City Park
- Interactive map of City Park
- Location: 491 5th Ave. Rochelle, NY, 10801
- Coordinates: 40°55′51″N 73°46′14″W﻿ / ﻿40.930831°N 73.770586°W
- Owner: City of New Rochelle, New York
- Operator: City of New Rochelle, New York
- Surface: Synthetic turf
- Field size: Left Field: 355 feet (108 m); Center Field: 385 feet (117 m); Right Field: 330 feet (100 m);
- Acreage: 20

Construction
- Renovated: 2011

Tenant
- Iona Gaels baseball (NCAA DI MAAC) (2013–present);

= City Park (New Rochelle, New York) =

Baseball venue in New York, United States

City Field is a baseball venue located in the public park of Williams Flowers Park in New Rochelle, New York, United States. It is home to the Iona Gaels baseball team of the NCAA Division I Metro Atlantic Athletic Conference (MAAC).

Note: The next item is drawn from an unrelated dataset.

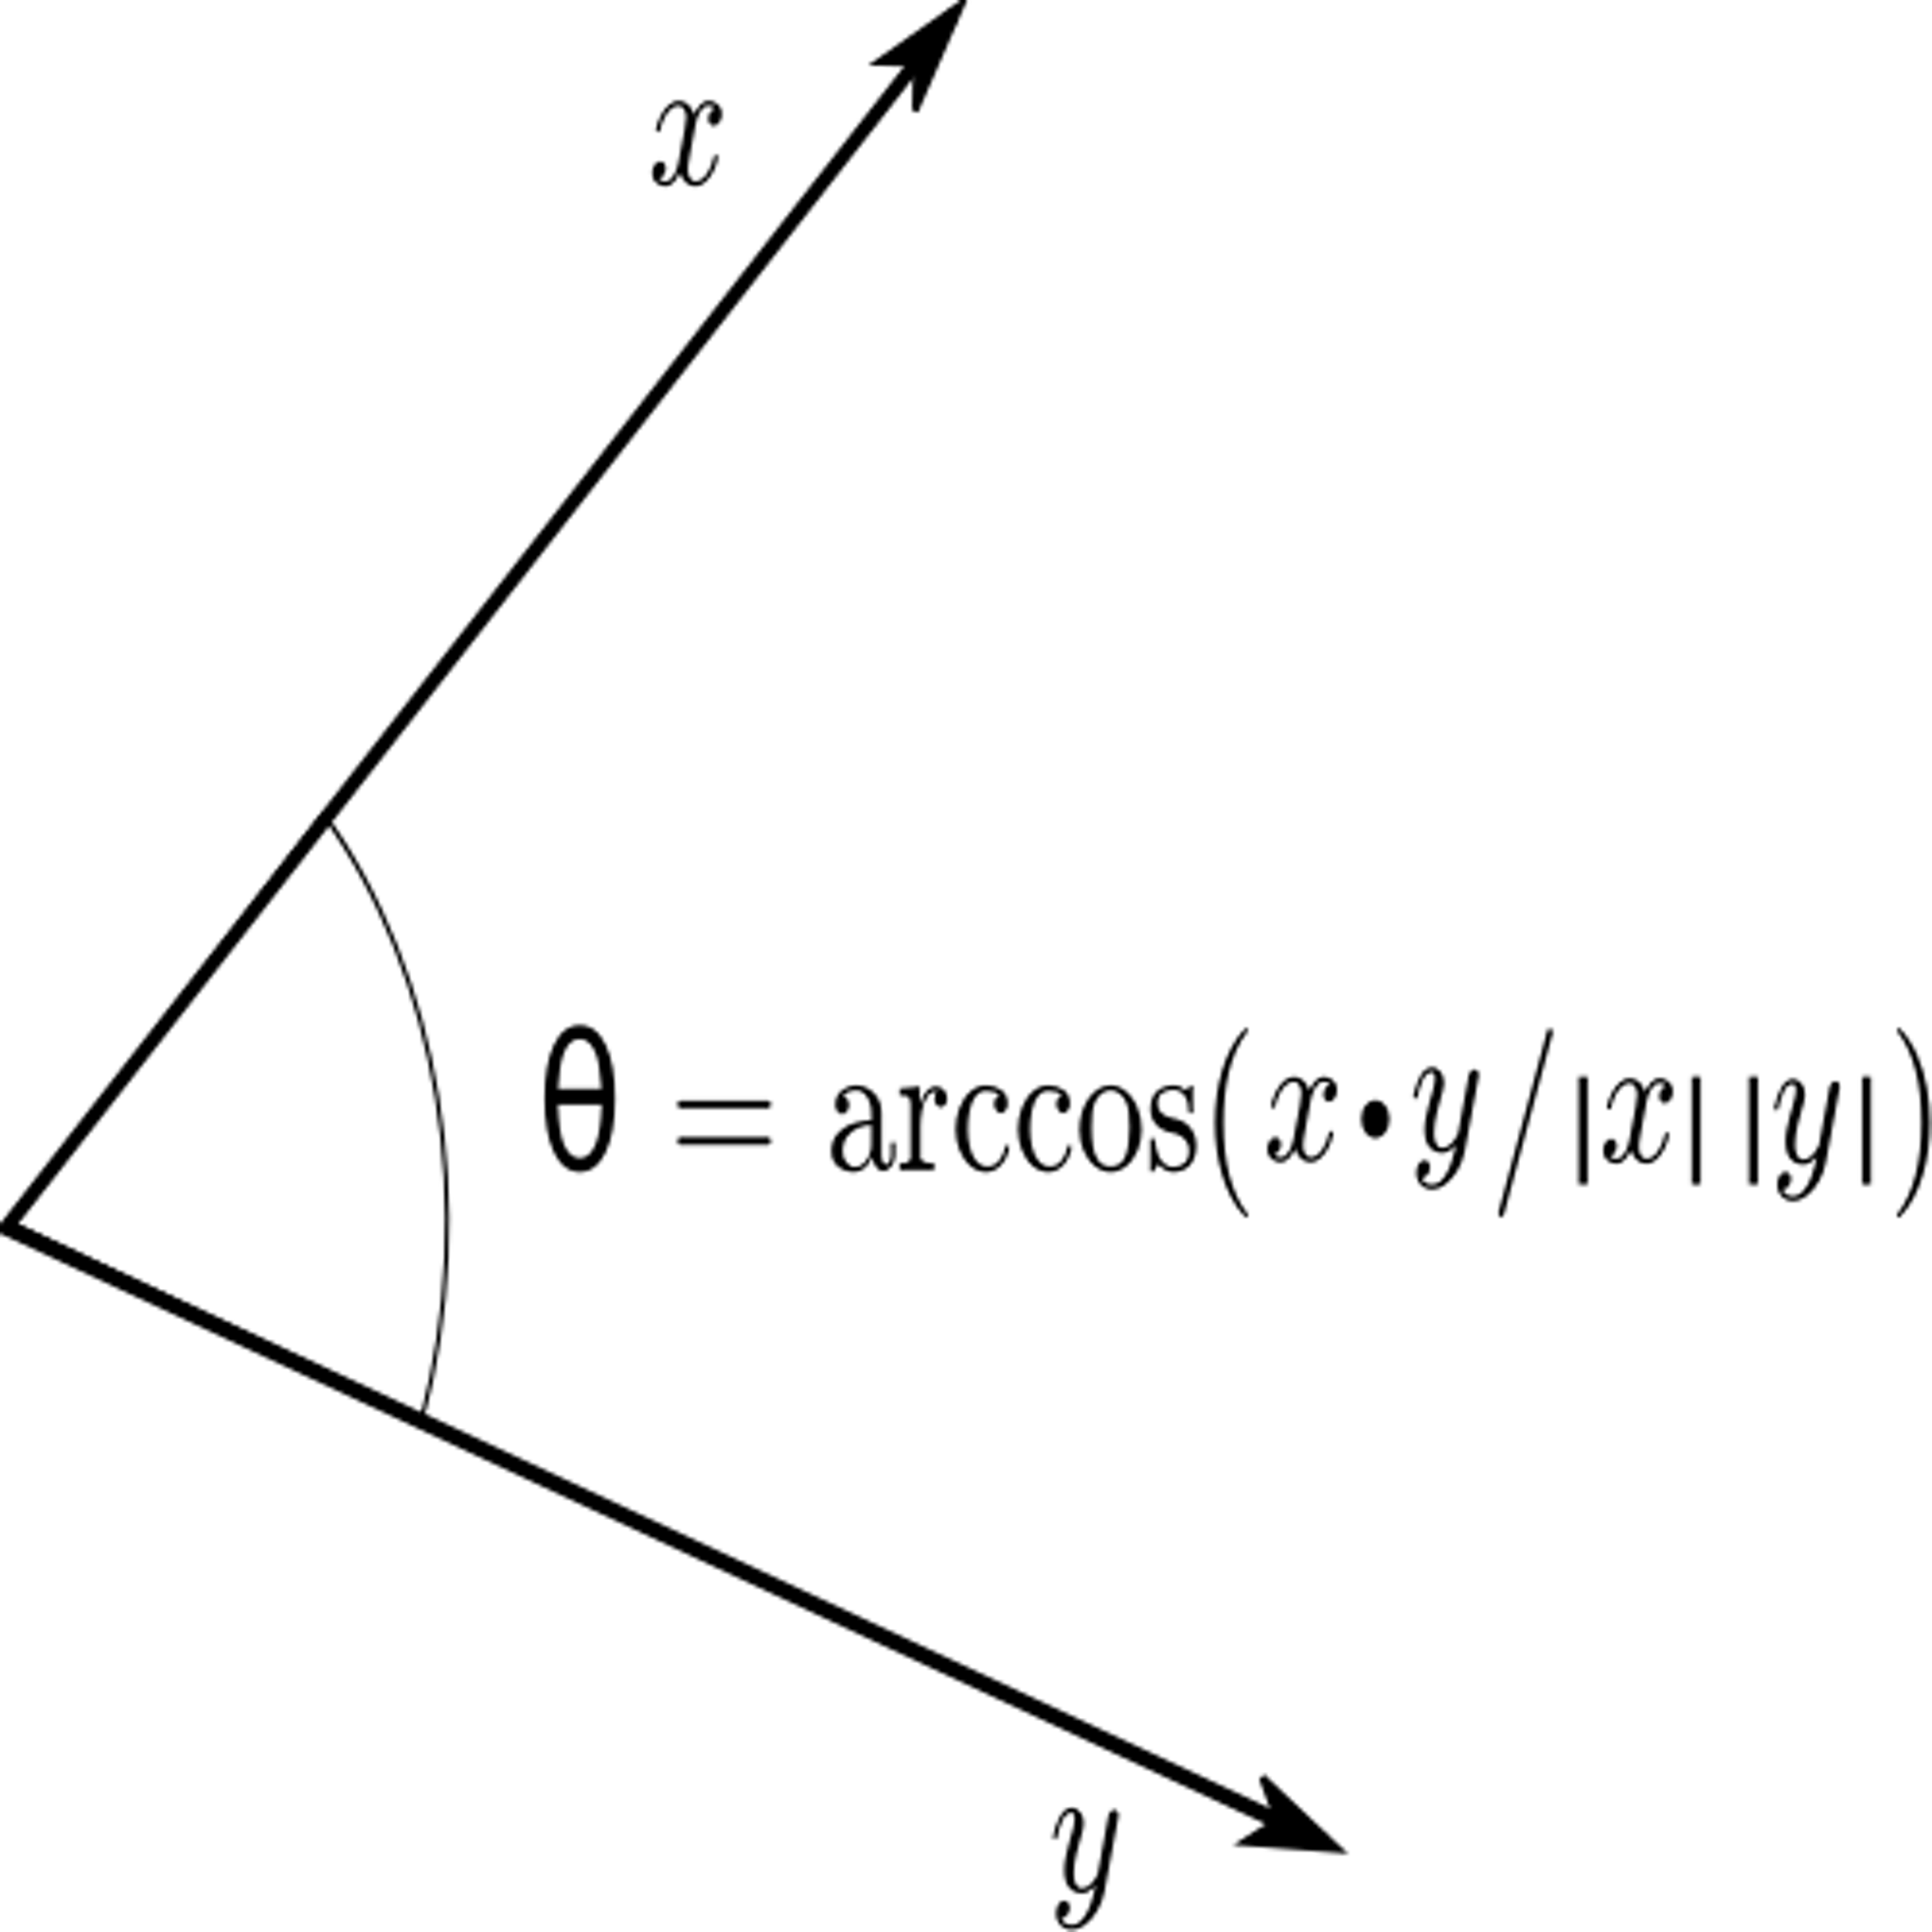 Determining the Angle Between These Vectors.
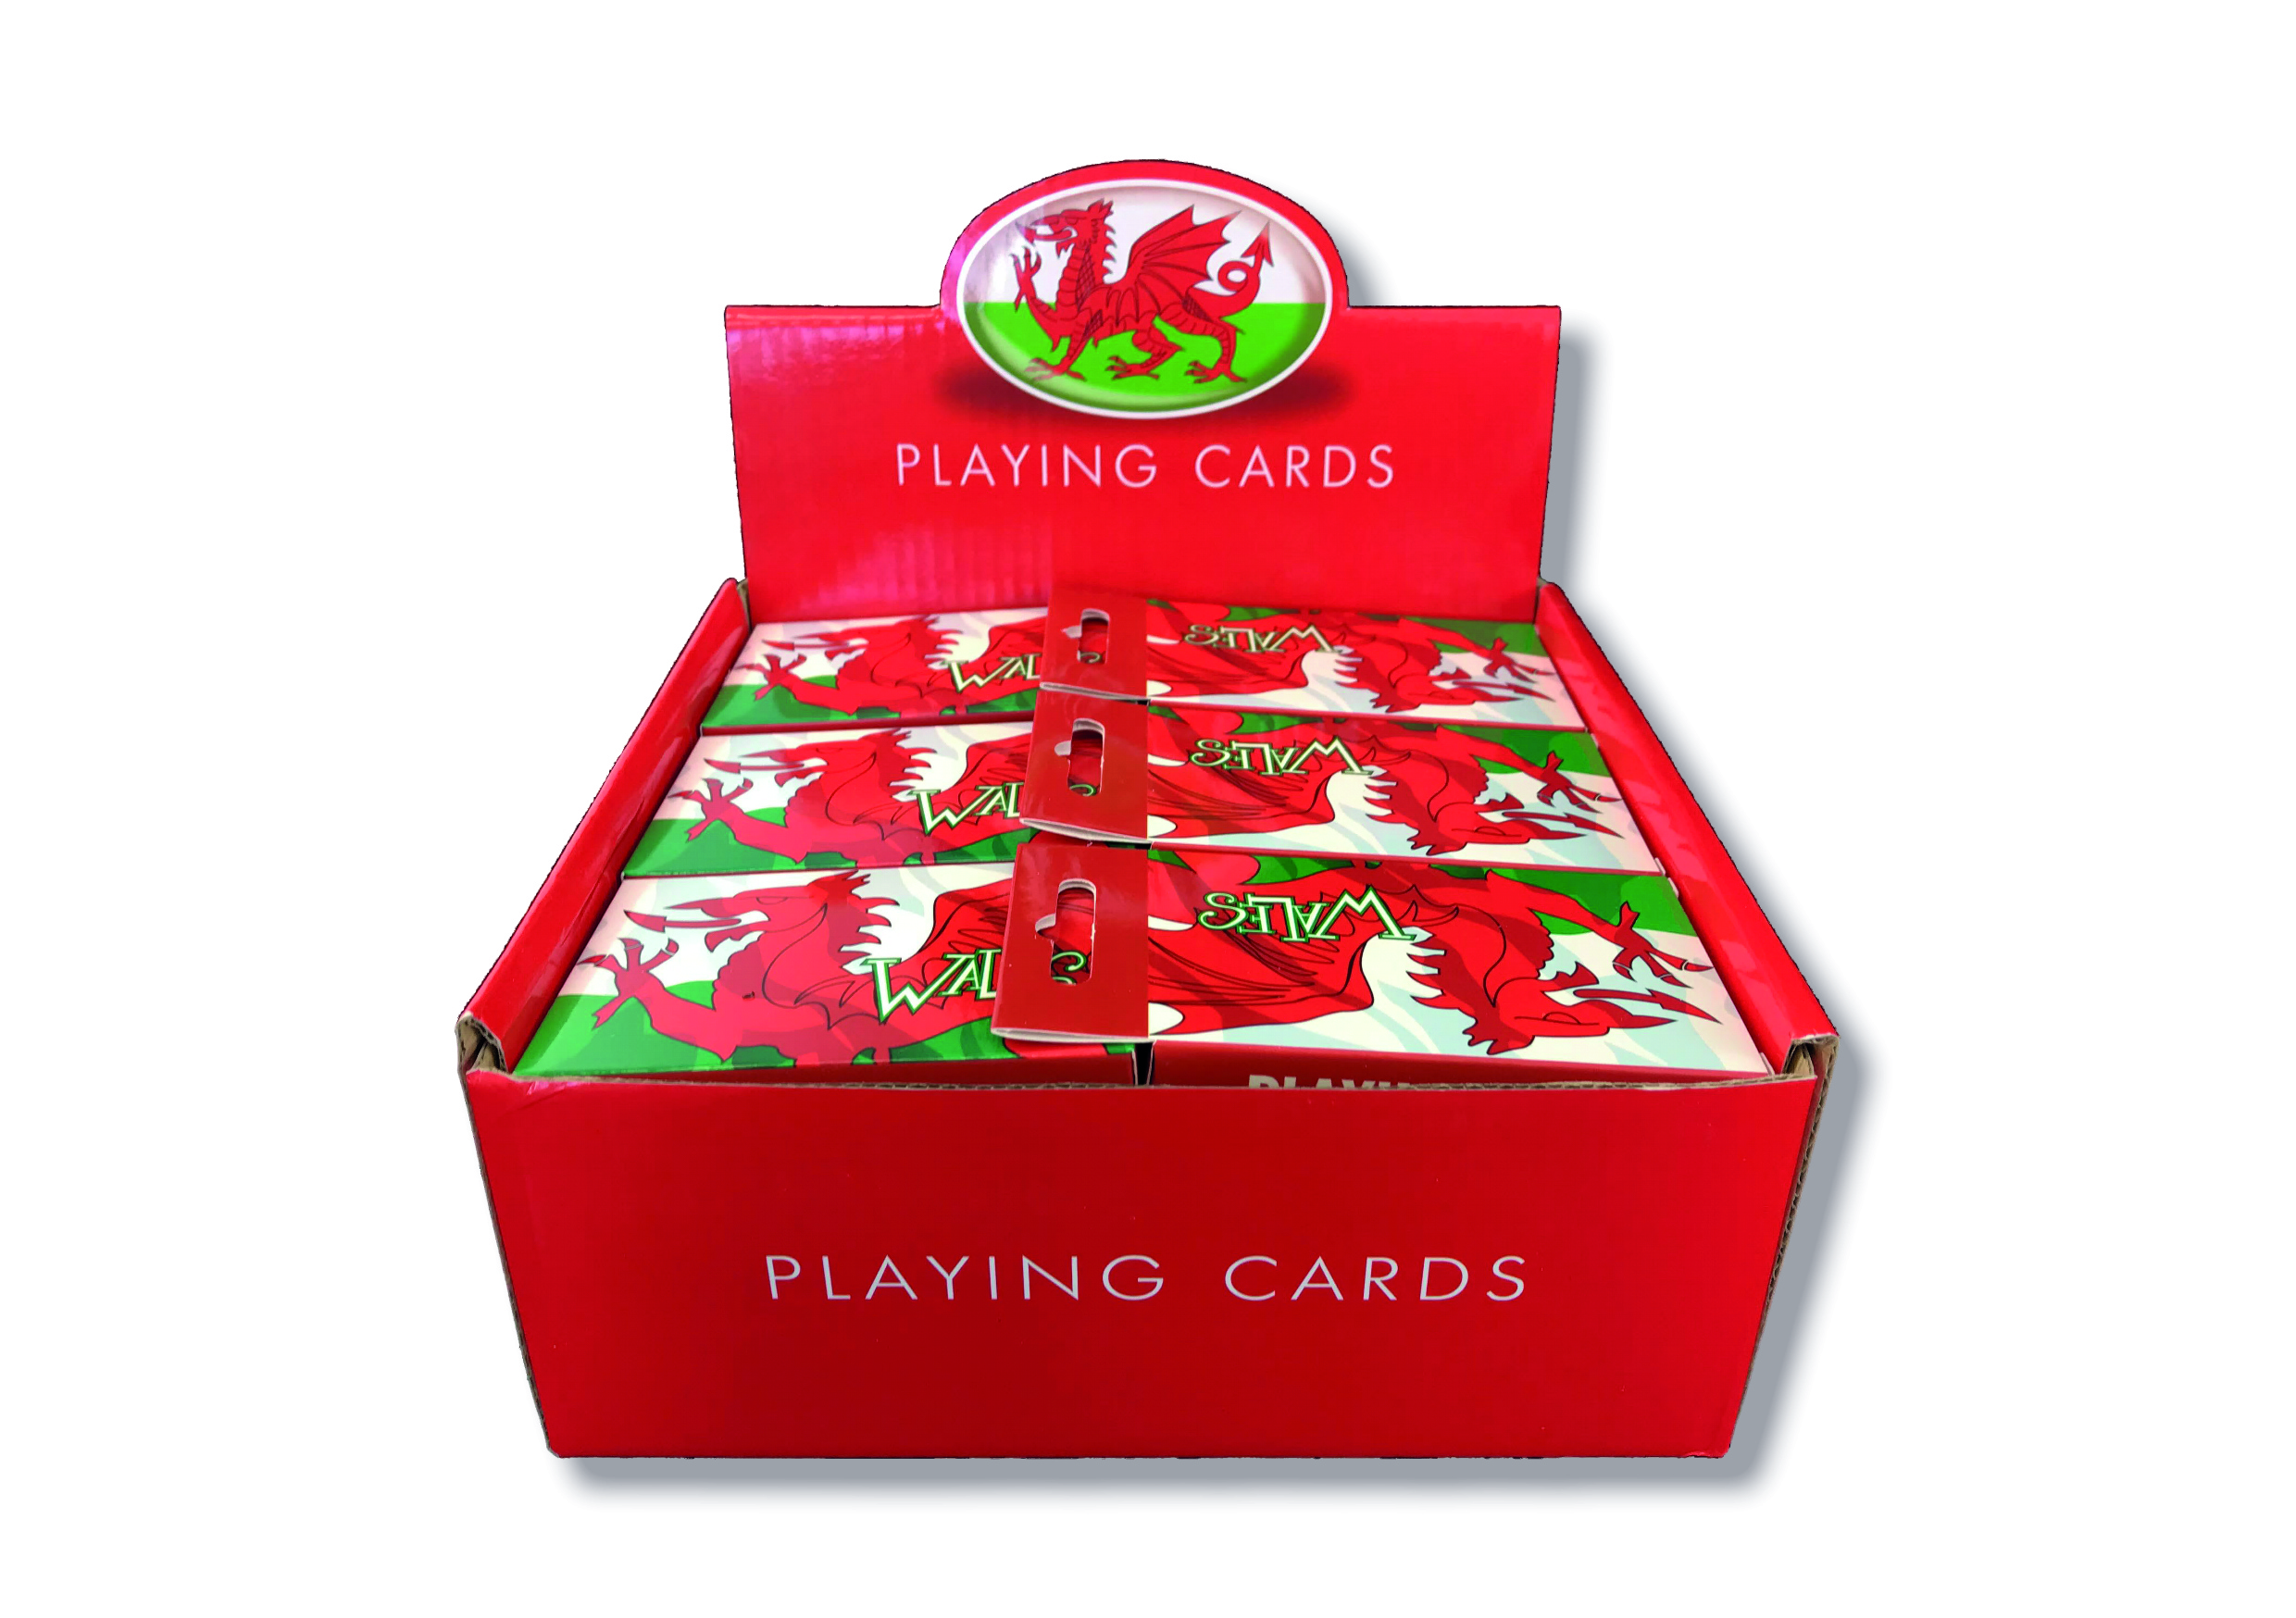 Wales Wavy Flag Playing Cards in display box

The field's namesake is after William "Brud" Flowers, a New Rochelle resident and athletics coach.

== History ==
In 2011, the fields were renovated and replaced with synthetic turf. In September, 2012, it was announced that the Iona Gaels baseball team would be moving their home games to City Park.

== Features ==
The field's features include a synthetic turf playing surface, dugouts, restrooms and lights.